We are at the dawn of a health revolution. Cancer physicians agree that immune therapies – the subject of the most recent Nobel Prize in Physiology or Medicine – is a game-changer, and now sits alongside surgery, radiation and chemotherapy, as a mainstream option for the treatment of some types of cancer.

Crucially, neither of the two Nobel Prize winners, Jim Allison and Tasuku Honjo, directly set out to cure cancer – “that wasn’t it at all,” Allison has said – they were trying to understand how the immune system works. And this can’t be emphasised enough: curiosity-driven research won the prize and brought us new cancer medicines.

Some scientists do and should focus on understanding cancer or other diseases but we must also fund science which might seem esoteric – those who are merely asking what does this or that gene or protein do in the body – because so many of our greatest discoveries came out of left field. As cosmologist Martin Rees once wrote: “A research proposal to make flesh appear transparent wouldn’t have been funded, and even if it had been, the research surely wouldn’t have led to the X-ray.”

It was in trying to understand the details of what two specific receptor proteins did in the immune system which led Allison and Honjo to stumble upon our immune system’s brakes. They discovered brakes built into the immune system to dampen its activity after some time. Brakes act on the immune system to bring the body back to its normal resting level after a virus, for example, has been cleared from the body. This led to the idea of using medicines to block or switch off these brake receptors to unleash a stronger and longer-lasting immune response to better fight cancer.

Now – with money, people, excitement and imagination – we should redouble our efforts. The science here is still relatively new. There are many other receptors, some quite recently discovered, which also regulate immune cell activity. Each can, in principle, be blocked to boost (or in some cases dampen) a component of the immune system. And each can be blocked alone, in combination, or alongside other therapies.

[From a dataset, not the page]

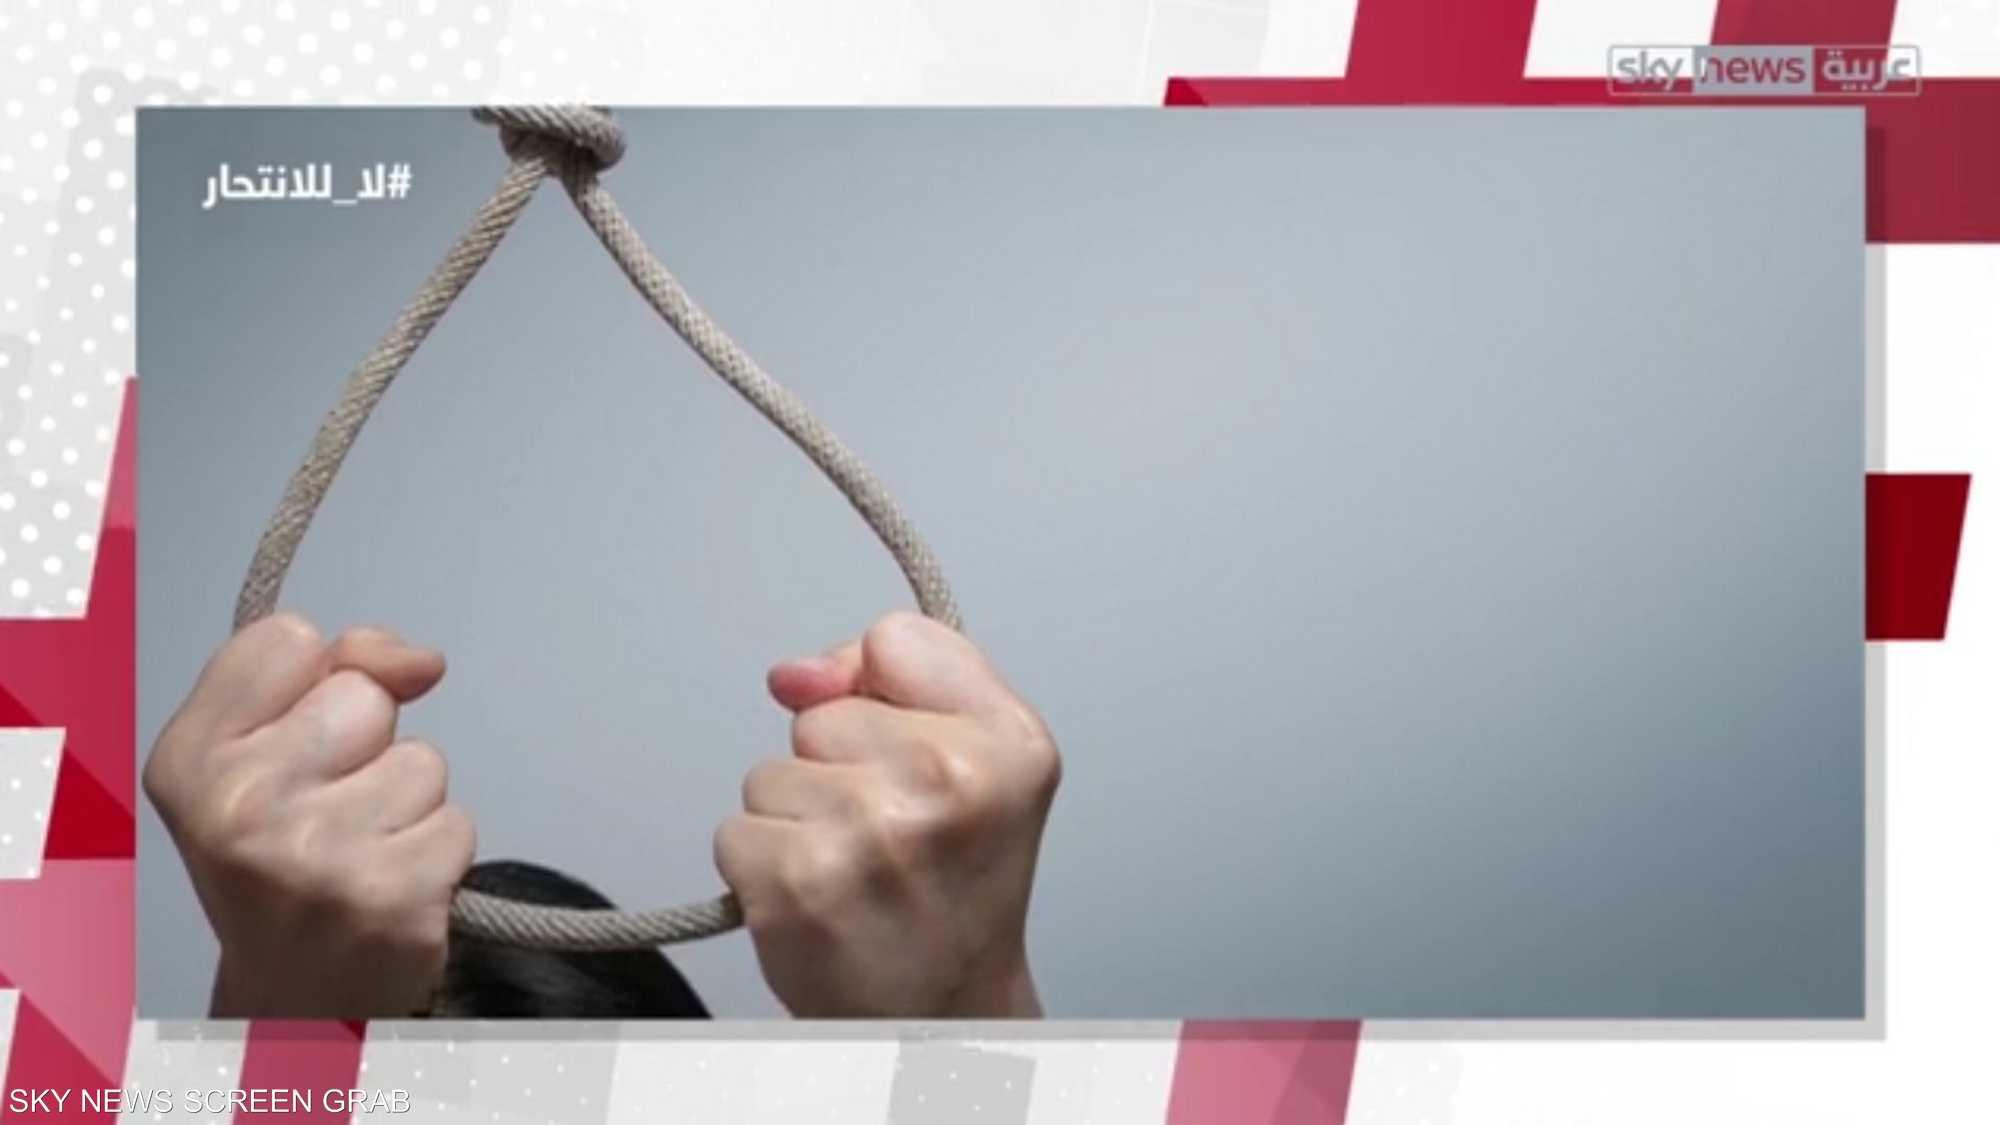 المنتحر ليس بكافر.. فتوى تثير الجدل في مصر

As well as this, entirely different approaches to immune therapy are also proving successful. One, called CAR T cell therapy, involves isolating a patient’s immune cells (T cells specifically), genetically modifying them to include a receptor protein able to target the person’s cancer, before the cells are then infused back into patients. This has recently been approved for the treatment of children with acute lymphoblastic leukaemia, for example. It is not mere hype to suggest that we are at the dawn of a health revolution.

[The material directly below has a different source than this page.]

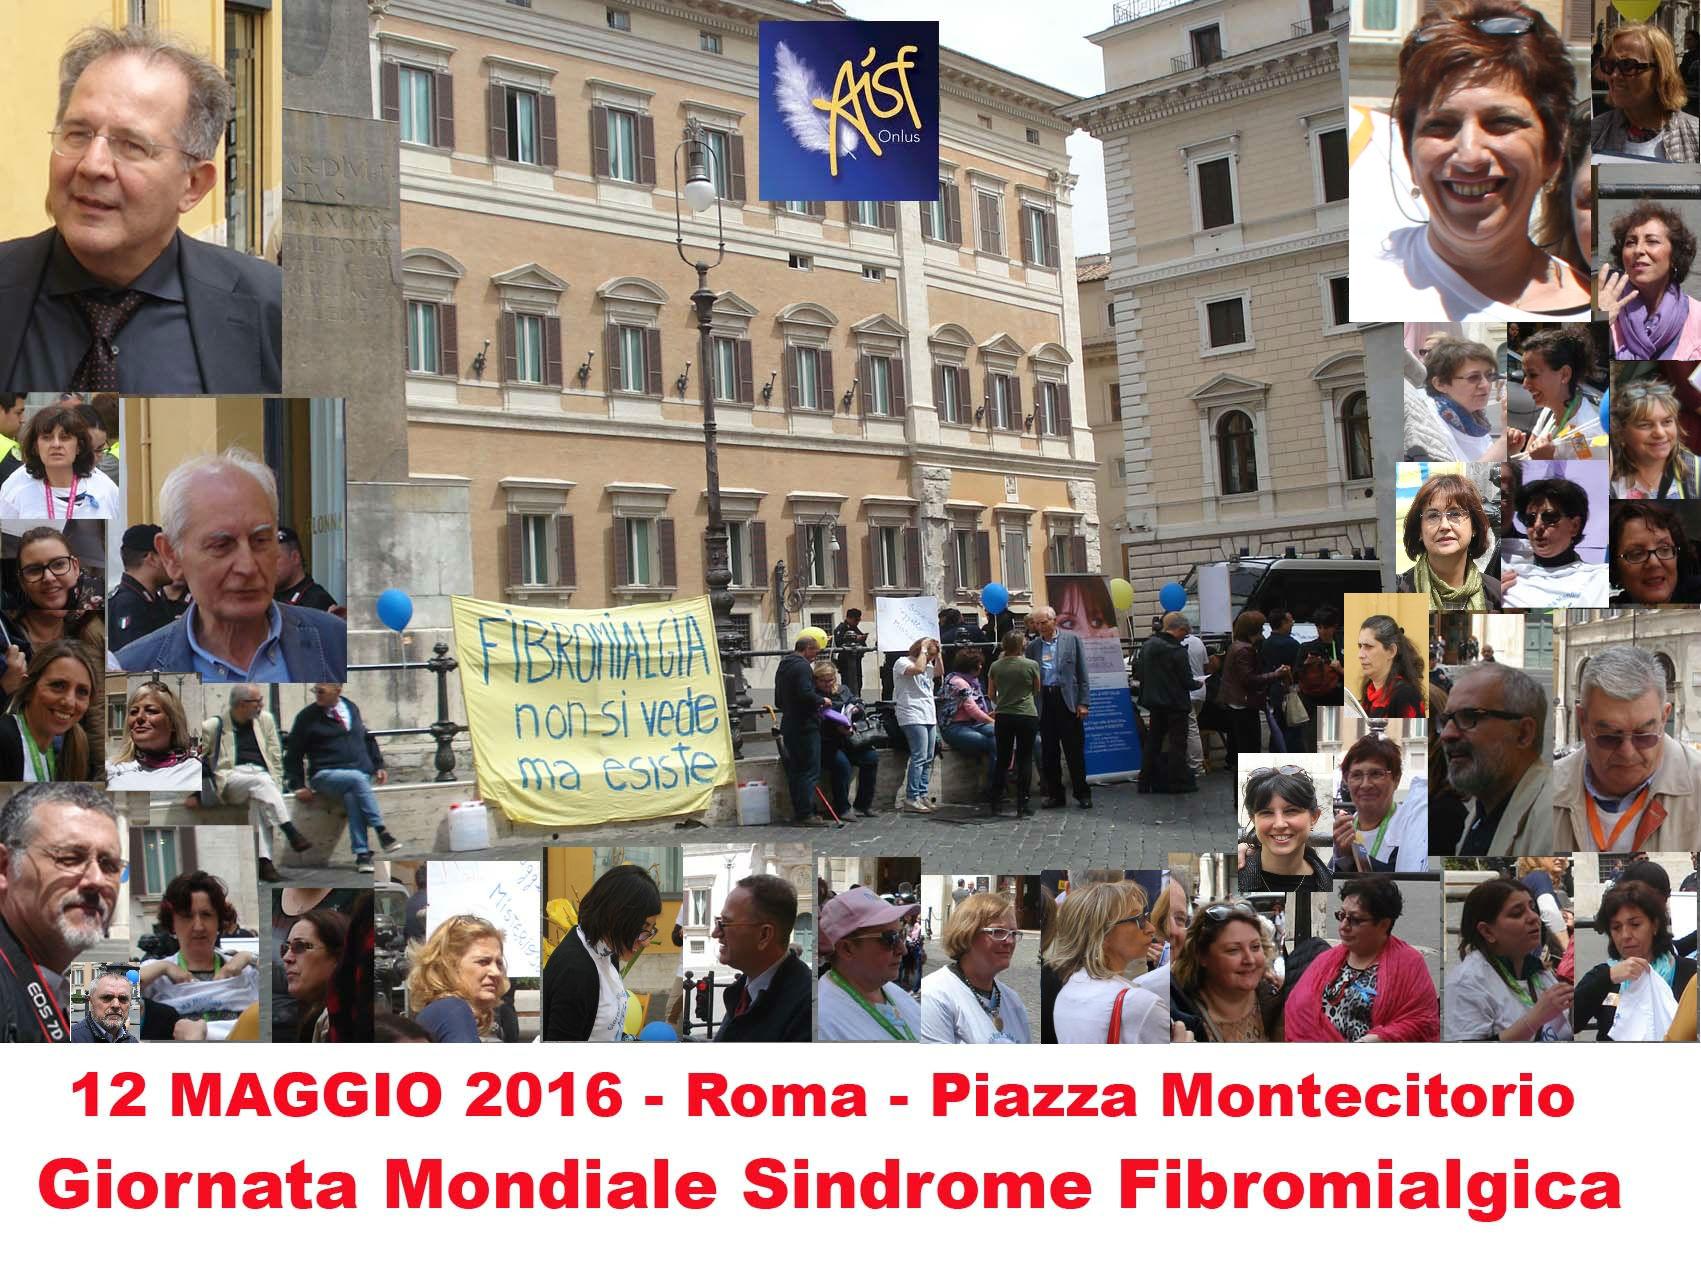 Foto ricordo manifestazione a Roma 12 maggio 2016-r100

A vast global community is continuing this adventure which has opened up our body’s immune system for what it is; not a part of our anatomy which can be described with any simple metaphor, like the heart as a pump, but a multi-layered, dynamic lattice of interlocking genes, proteins and cells – all of which amounts to one of the most complex and thrilling frontiers of scientific inquiry in the 21st Century. Unravelling more details is going to bring us new medicines. Even more so than you might imagine, because it has recently emerged that the immune system is intimately connected with an enormous range of diseases, such as heart problems, neurological disorders, obesity – perhaps nearly all diseases.

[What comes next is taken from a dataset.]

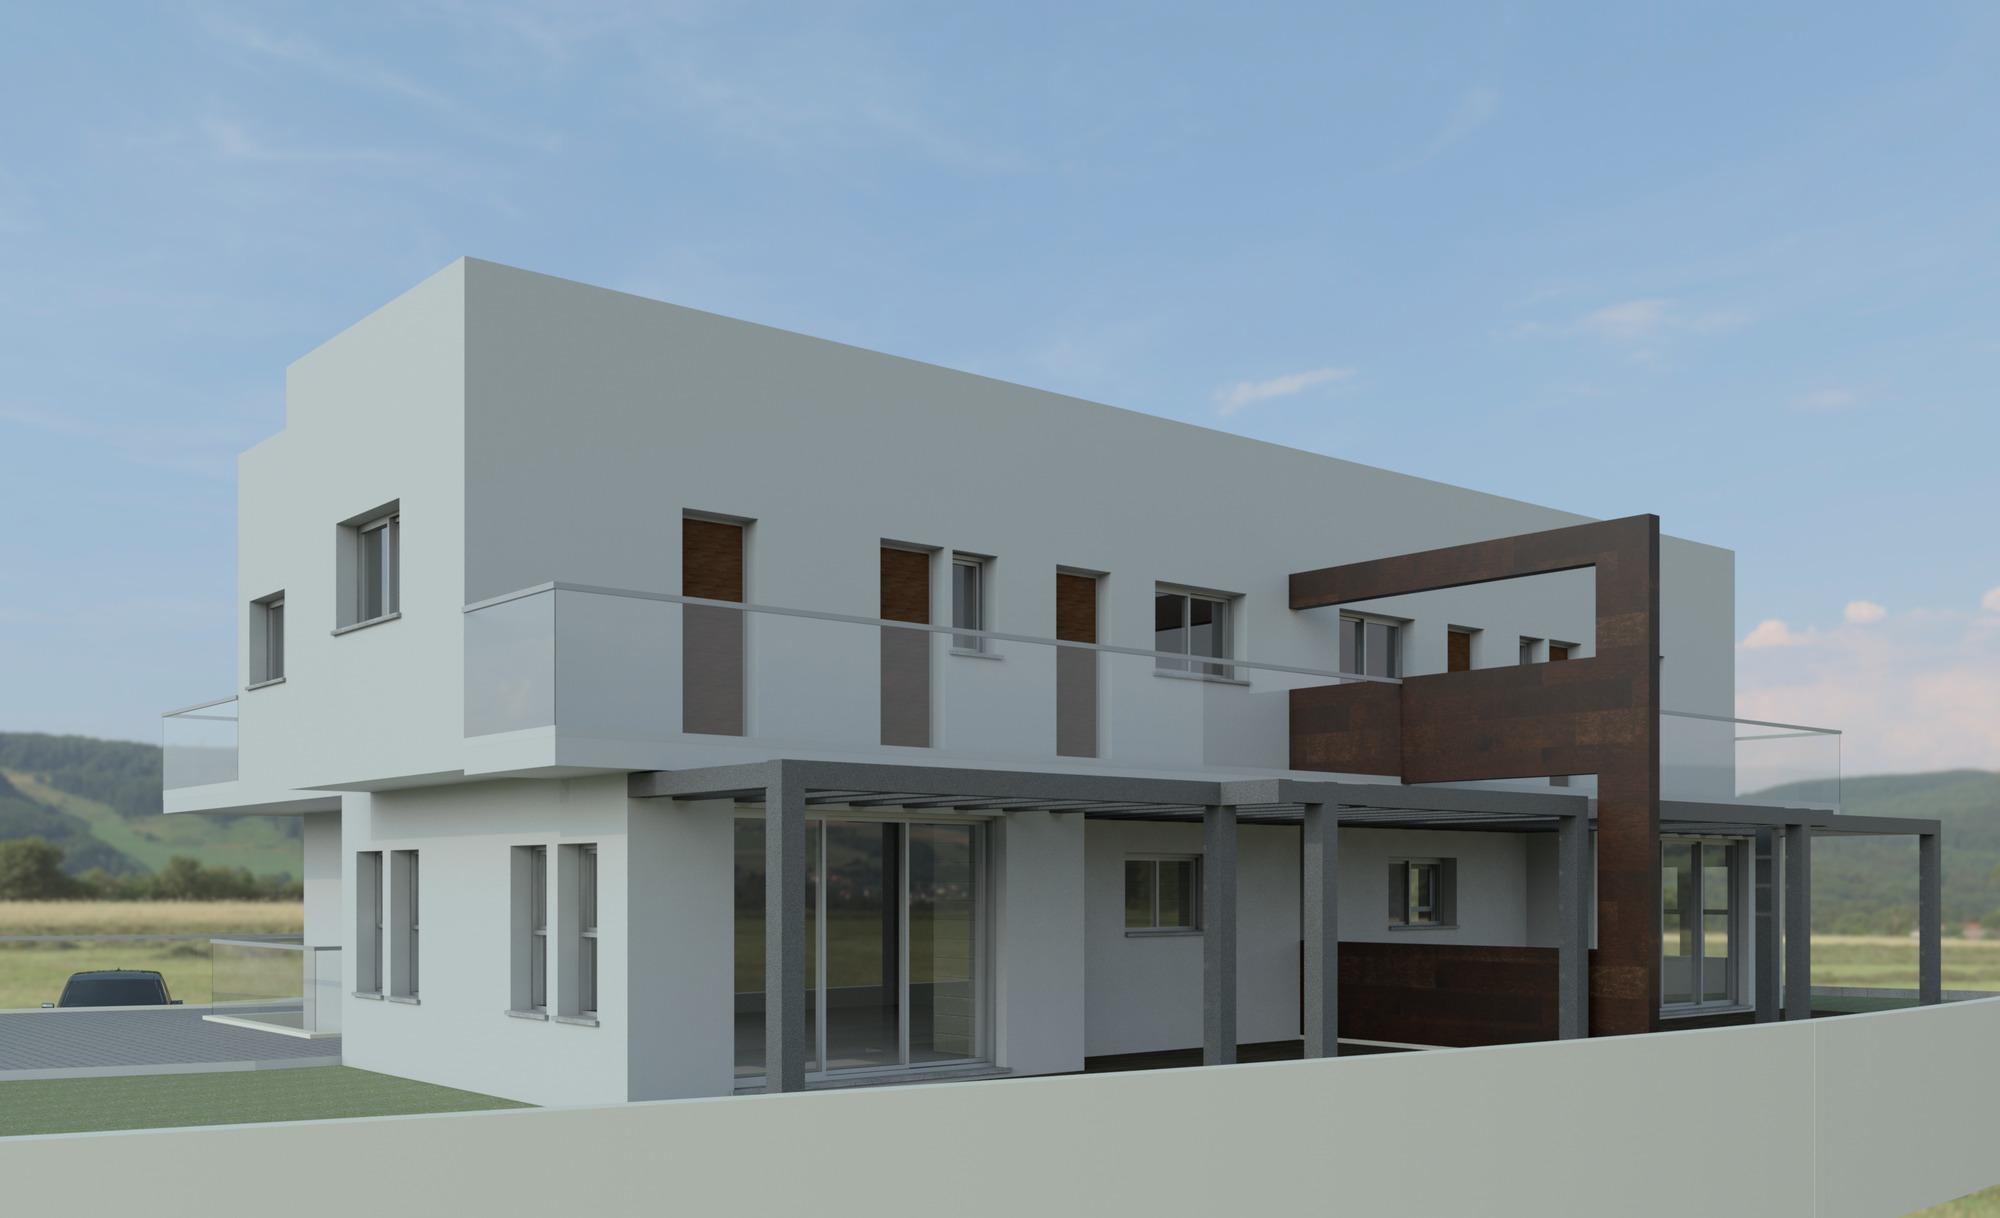 Raas-rendering20150418-14454-65yavr

Take one example: Alzheimer’s, the well-known and sadly, relatively common, cause of dementia. It has long been thought that clumps of amyloid protein in the brain underlie this disease, but a crucial problem with is that by the time a patient shows symptoms, the problem has been going on for some time so that its initial trigger has been notoriously difficult to identify. One idea to emerge recently is that the amyloid protein clumps might be part of an anti-bacterial defence in the brain, and that the real underlying problem might actually be microbes. This is still controversial but one recent study has suggested that bacteria which cause gum disease may play a role in Alzheimer’s too. If proven, this would open up a clear route for immune therapies, or anti-bacterial medicines, to impact dementia.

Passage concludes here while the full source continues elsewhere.